I am inclined to agree that the Mac Pro will not have binned versions of the M1 MAX. The whole point of the Mac Pro is "maximum power" and that power comes at a "maximum price" so Apple has no incentive to put binned M1 MAX in the Mac Pro to make it cheaper to purchase.

And if they are not offering binned CPU MAX on the MacBook Pro, there is no way they would start doing so on the Mac Pro.

 

[xraydoc]

It's also possible that Apple is waiting to release the Mac Pro with the M2-generation (M2 Pro / M2 Max) of chips. Not such a stretch if the rumored next-gen MacBook Air has the M2 in it.

 

[CWallace]

It's also possible that Apple is waiting to release the Mac Pro with the M2-generation (M2 Pro / M2 Max) of chips. Not such a stretch if the rumored next-gen MacBook Air has the M2 in it.

That would not track with the Bloomberg rumors and they were 100% accurate with M1 Pro and M1 MAX. And the M1 MAX does have a spare set of components necessary to support running two of them together, which further reinforces the Bloomberg rumor of the 20C/64G base model.

There are rumors of an "M2 Duo" with 16C (8E+8P) and up to 20G, but that might be a special chip for the 24" iMac to offer more performance for those who do not want to go to the (~27") iMac Pro.

At the moment, there are no rumors of an M2 Pro or M2 MAX, but there are rumors of an M3 Pro (Lobos) and M3 MAX (Palma) along with a base M3 (Ibiza) so it might be that the Pro/MAX are on an every-other cycle like the old X models of the A Series for the iPad Pro.

 

[Boil]

It's also possible that Apple is waiting to release the Mac Pro with the M2-generation (M2 Pro / M2 Max) of chips.

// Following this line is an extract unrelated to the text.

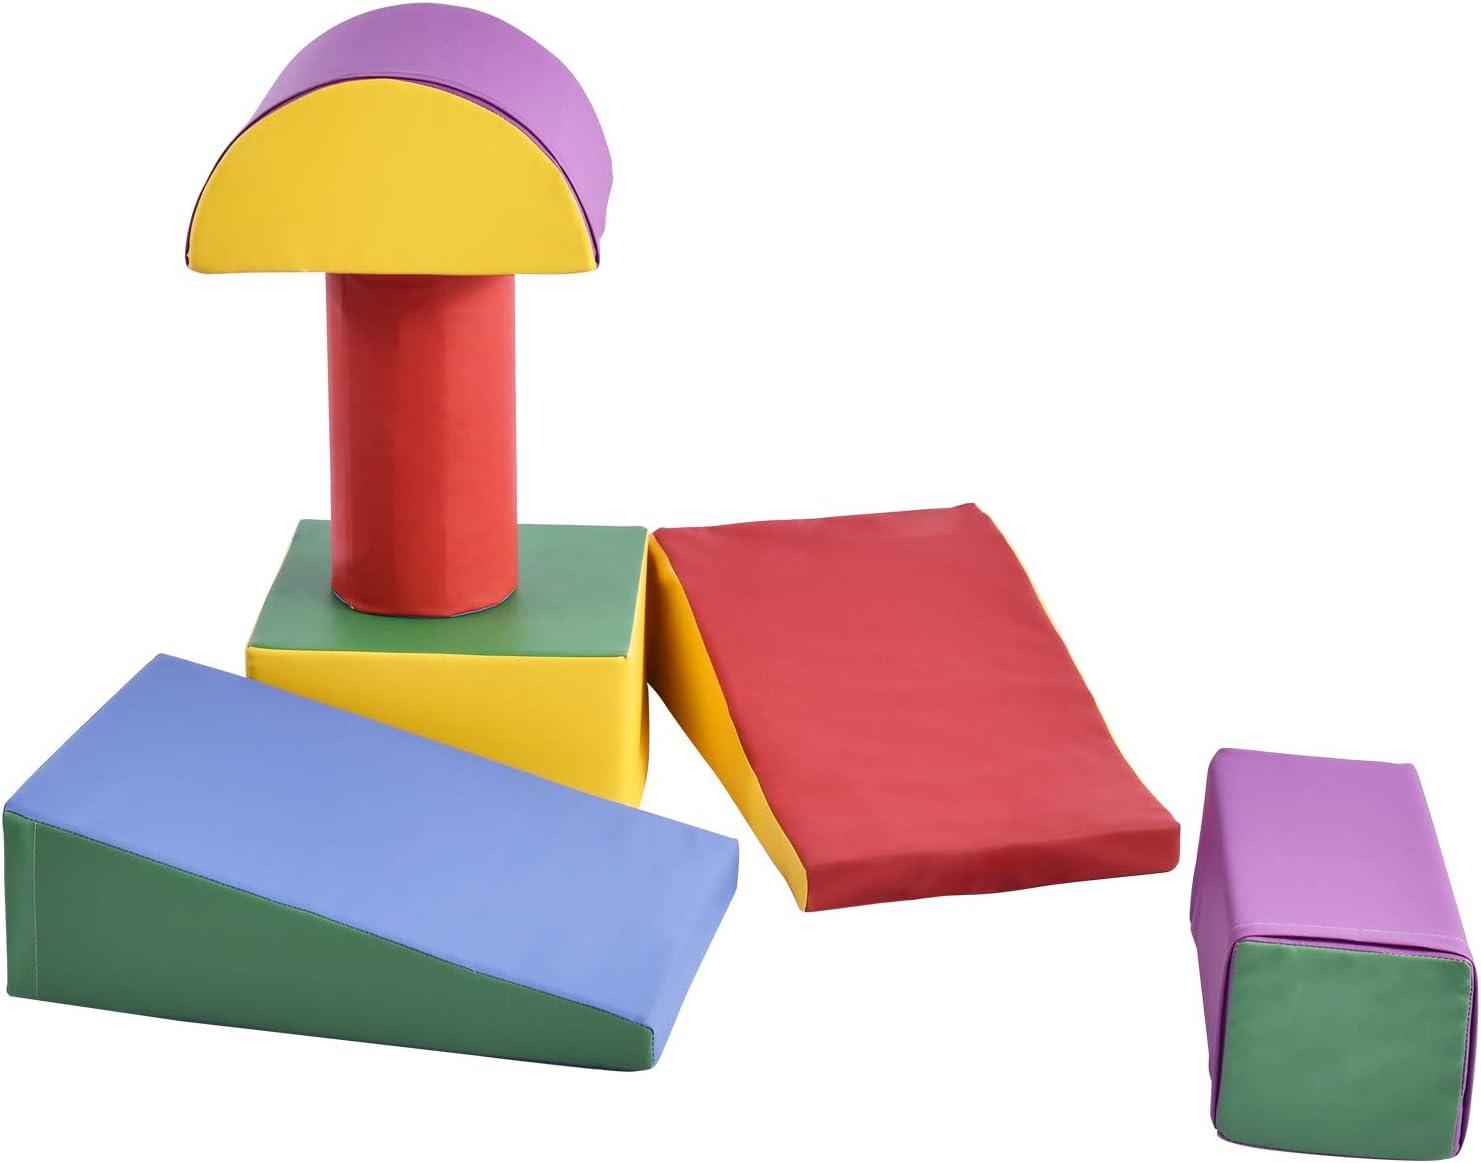 Motor Skills Color Coordination Ai CAR FUN 6 Pieces Foam Play Set Climb and Crawl Activity Play Set Lightweight Safe Interactive Set for Child Development

Not such a stretch if the rumored next-gen MacBook Air has the M2 in it.

April 2022 - new 27" iMac & new taller Mac mini - single & dual M1 Max SoC options
May 2022 - new 13" & 15" MacBook (no more Air) laptops, 24" iMac, & new shorter Mac mini- single M2 SoC
WWDC 2022 - new 30" iMac Pro & Mac Pro Cube - dual & quad M2 Max SoC options
September 2022 - iPad Pro - M2 SoC
October 2022 - 14" & 16" MacBook Pro laptops - M2 Pro/Max SoC options

WWDC 2022 will also bring the last of the Intel Mac Pro models; a final Xeon / RDNA3 space heater

 

[MF878]

I am inclined to agree that the Mac Pro will not have binned versions of the M1 MAX. The whole point of the Mac Pro is "maximum power" and that power comes at a "maximum price" so Apple has no incentive to put binned M1 MAX in the Mac Pro to make it cheaper to purchase.

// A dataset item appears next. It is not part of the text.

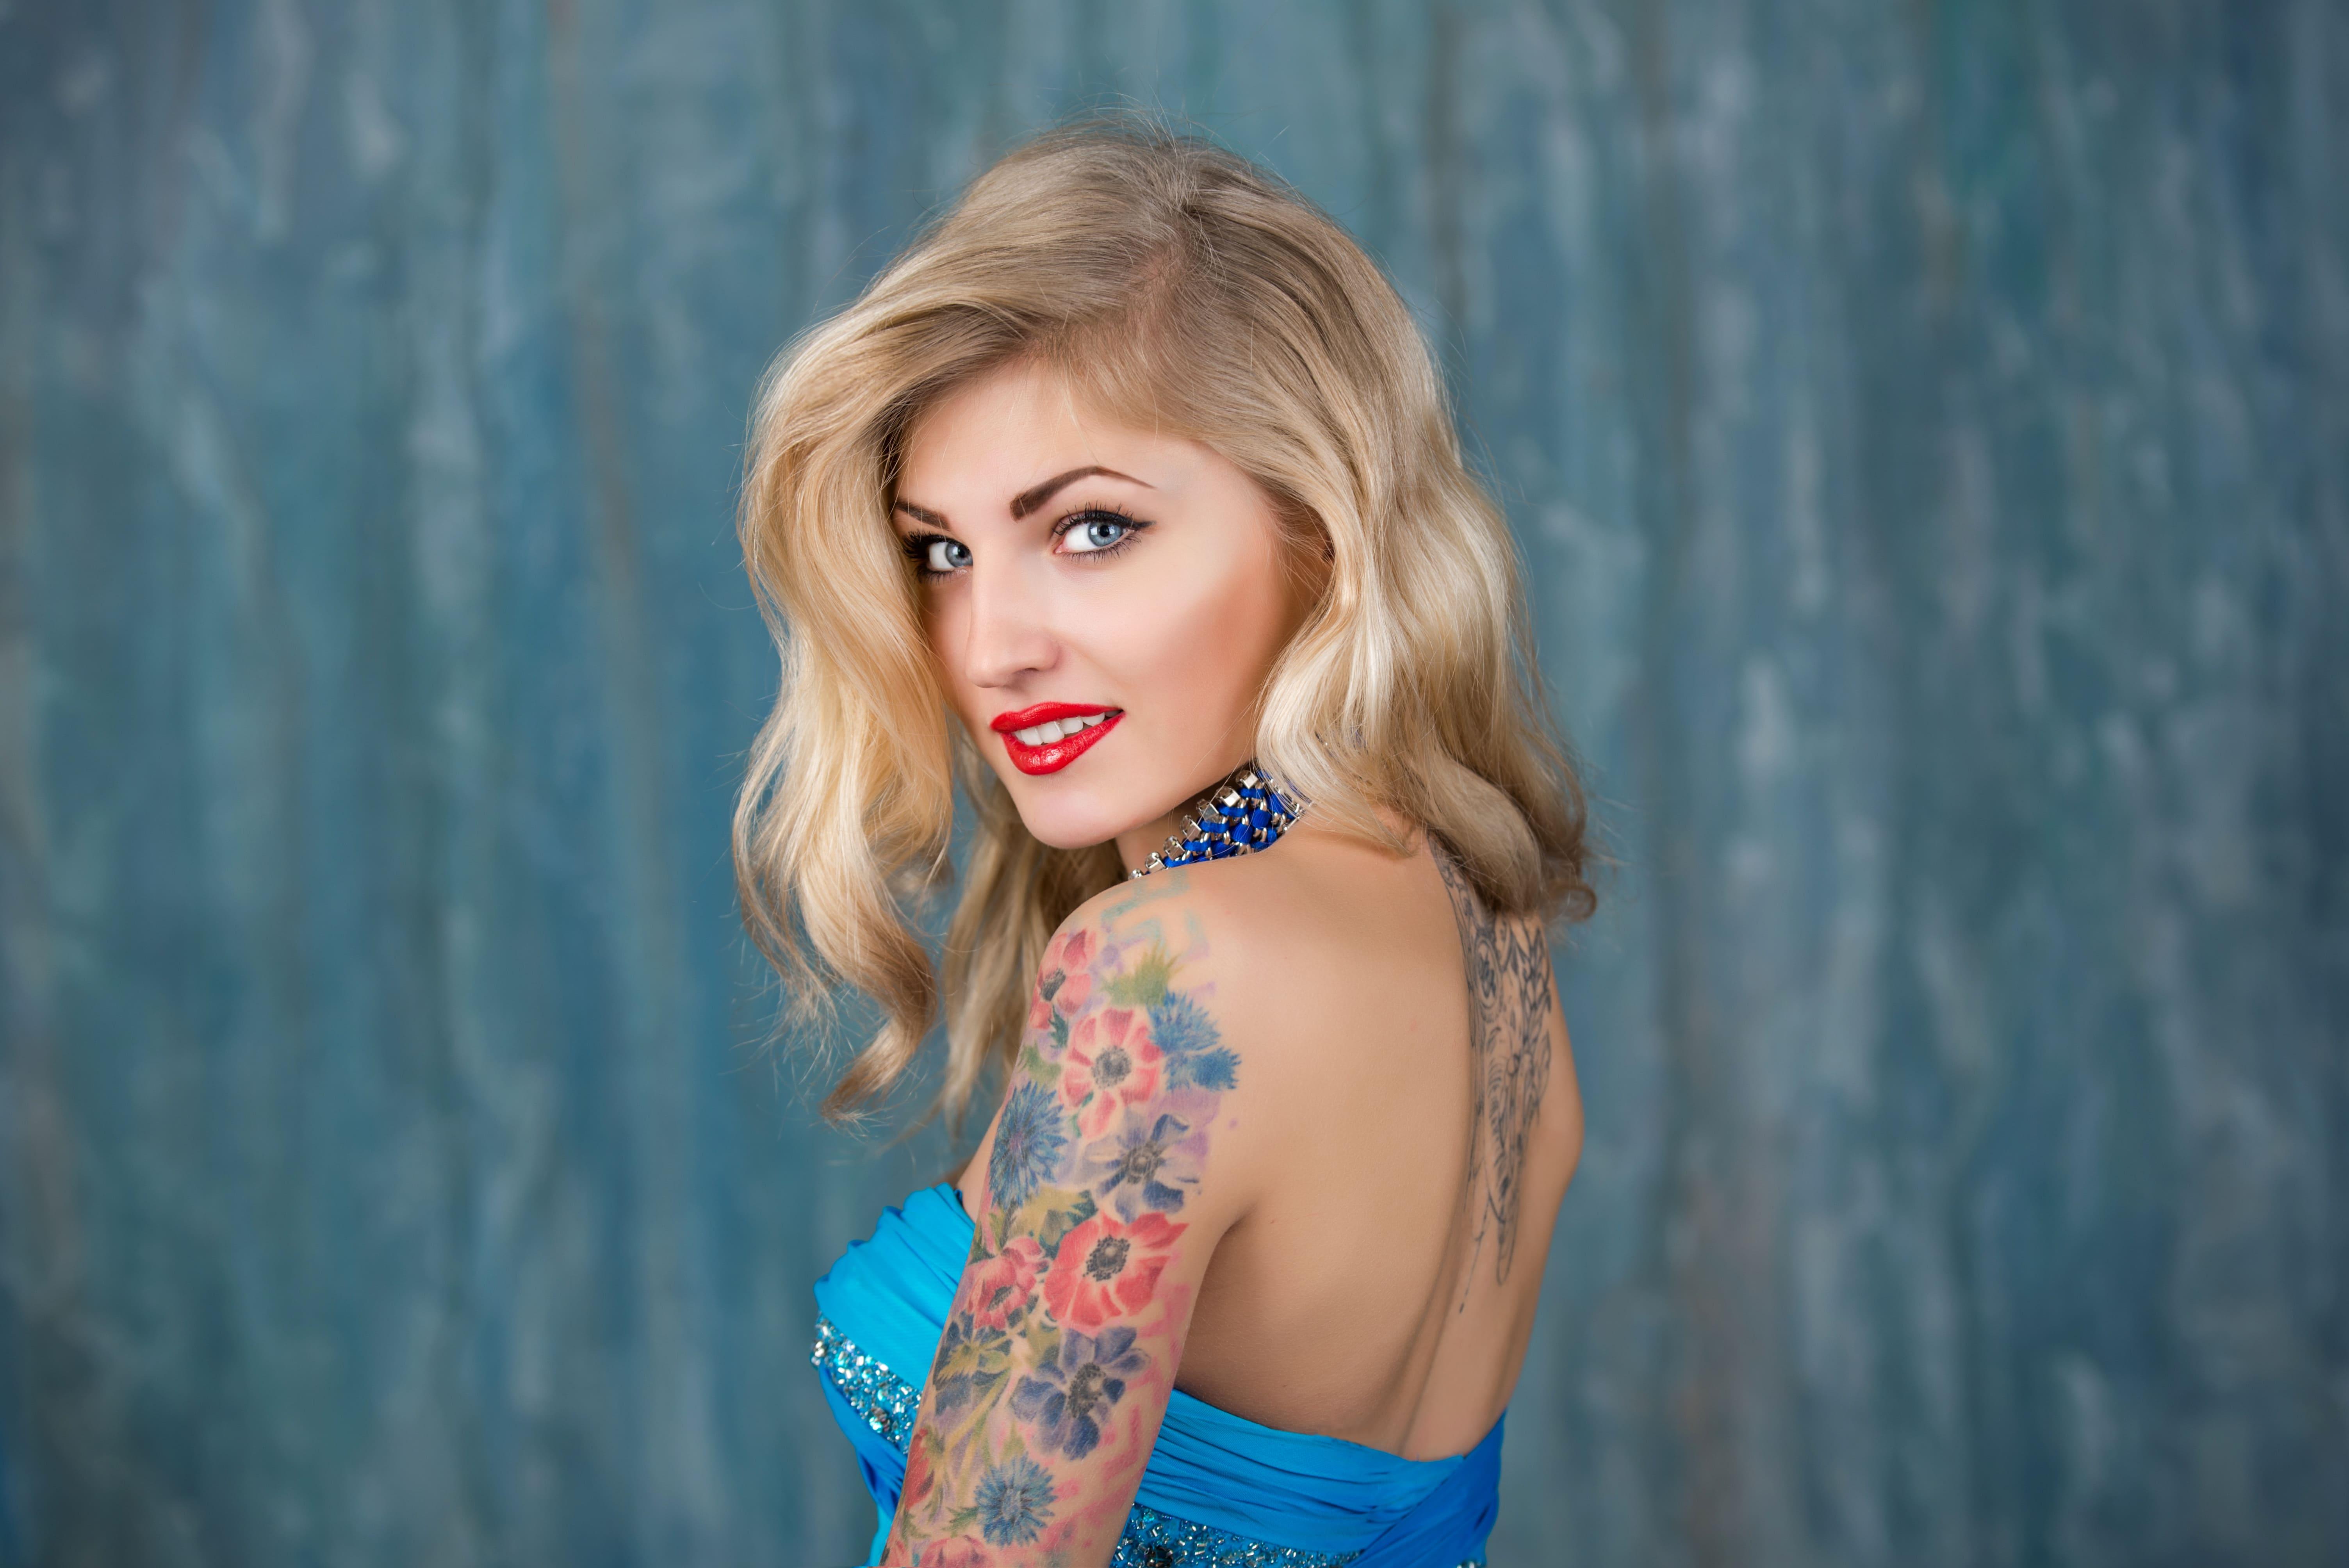 Tattoo Design Ideas for Girls - 17

And if they are not offering binned CPU MAX on the MacBook Pro, there is no way they would start doing so on the Mac Pro.

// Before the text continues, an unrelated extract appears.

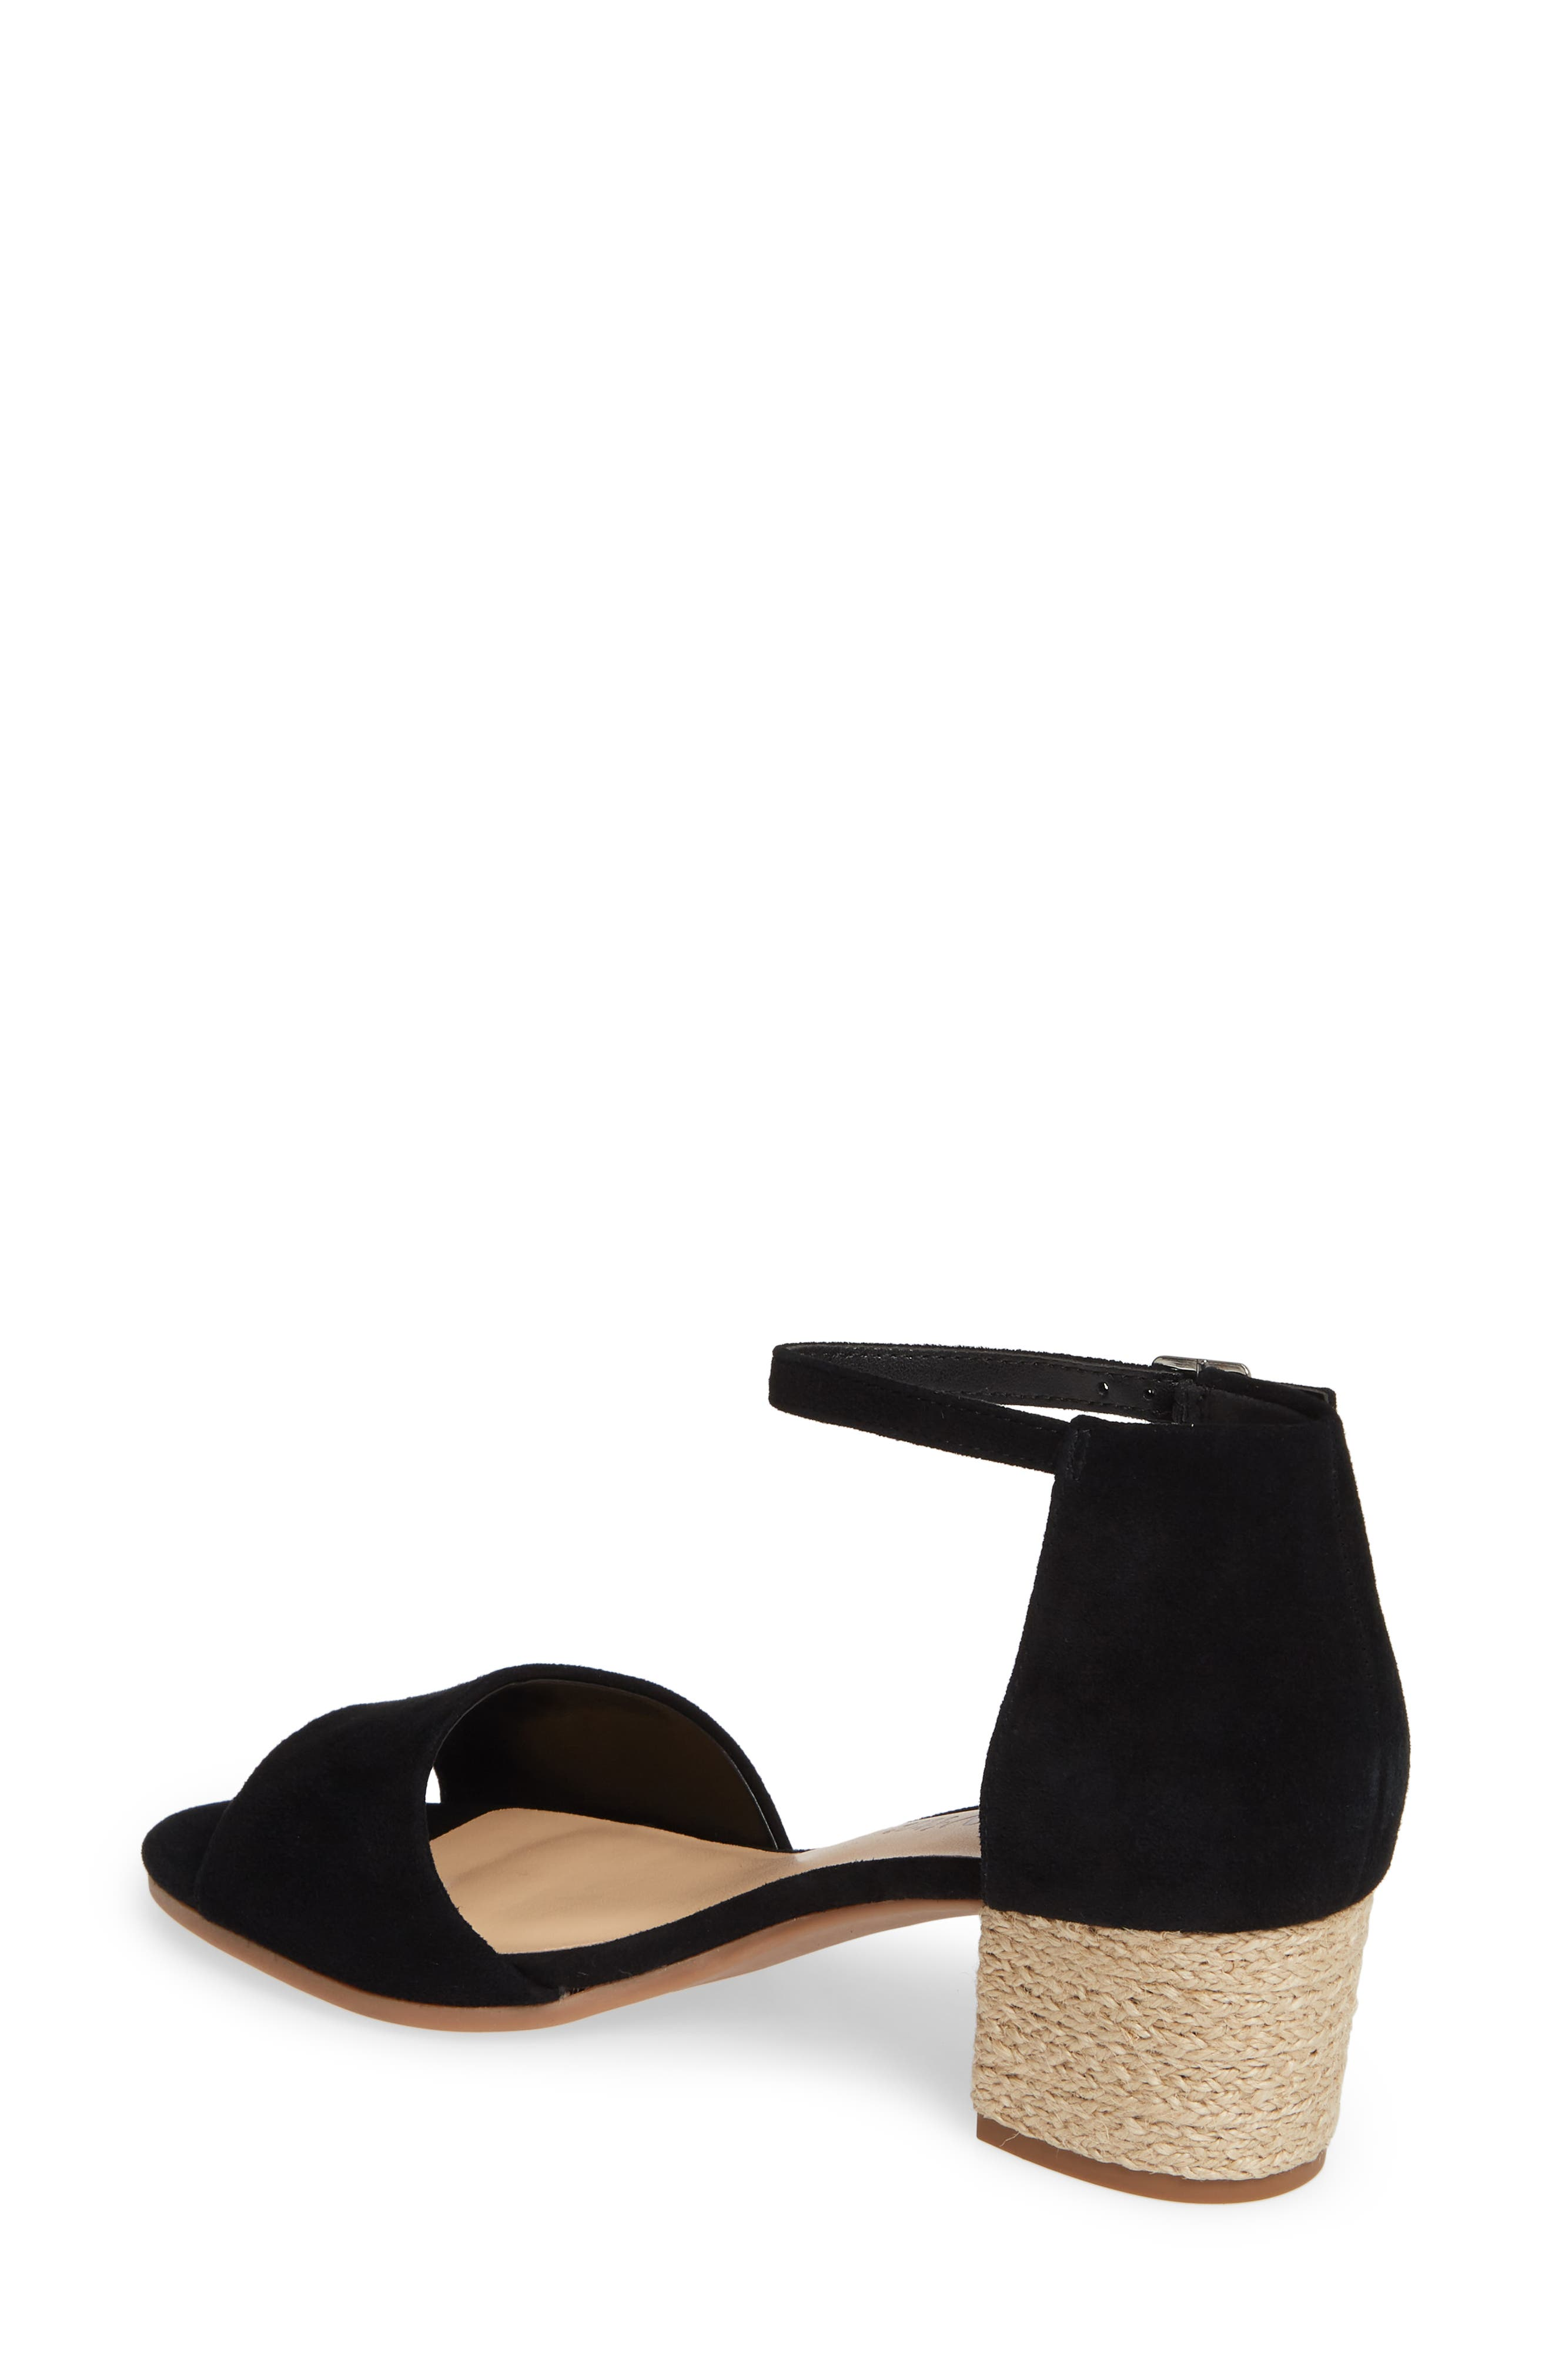 BELLA VITA, Fable Sandal, Alternate thumbnail 2, color, BLACK SUEDE

I would argue the fact that they aren’t offering binned CPU M1 Max options on the MacBook Pro is exactly why they would in the dual/quad configurations.

Currently, if Apple produces an M1 Max that has just one subpar CPU core, I presume they ”chop” (hence the codename Jade C-Chop) this down to an 8-core CPU M1 Pro, which means they‘re wasting up to 16 perfectly good GPU cores + second media engine + second display engine.

However, adding an 8-core CPU M1 Max option to the MacBook Pro would really complicate things. Apple charges $200 to go from 8 CPU/14 GPU to 10 CPU/14GPU. That means an 8 CPU/24 GPU M1 Max would occupy the same price as the 10 CPU/16 GPU, being worse in CPU but better in other areas (GPU, media engine, display engine). The lineup is much simpler without this option, and Apple providing a $200 lower entry point to the M1 Max could negate savings from less wastage.

With dual and quad M1 Max options, you don’t have the issue of overlapping/confusing options. 4 CPU & GPU binned M1 Max chips is still a significantly more powerful system than 2 unbinned chips (32c CPU/96c GPU vs 20c CPU/64c GPU). This would give M1 Max chips with 1 or 2 failed CPU cores somewhere to go where they can be more profitable for Apple, rather than being reduced to a much cheaper M1 Pro.

 

[MF878]

Without binning, all you’d have are two options that are ~$3,000 apart. The quad Max would also require 128GB which I would estimated is an $800 upgrade, so a huge difference between the two unbinned configurations. If we assume this new Mac Pro starts at around $4-5k, that means Apple has to try to persuade you to spend 80-100% more with no middle ground options.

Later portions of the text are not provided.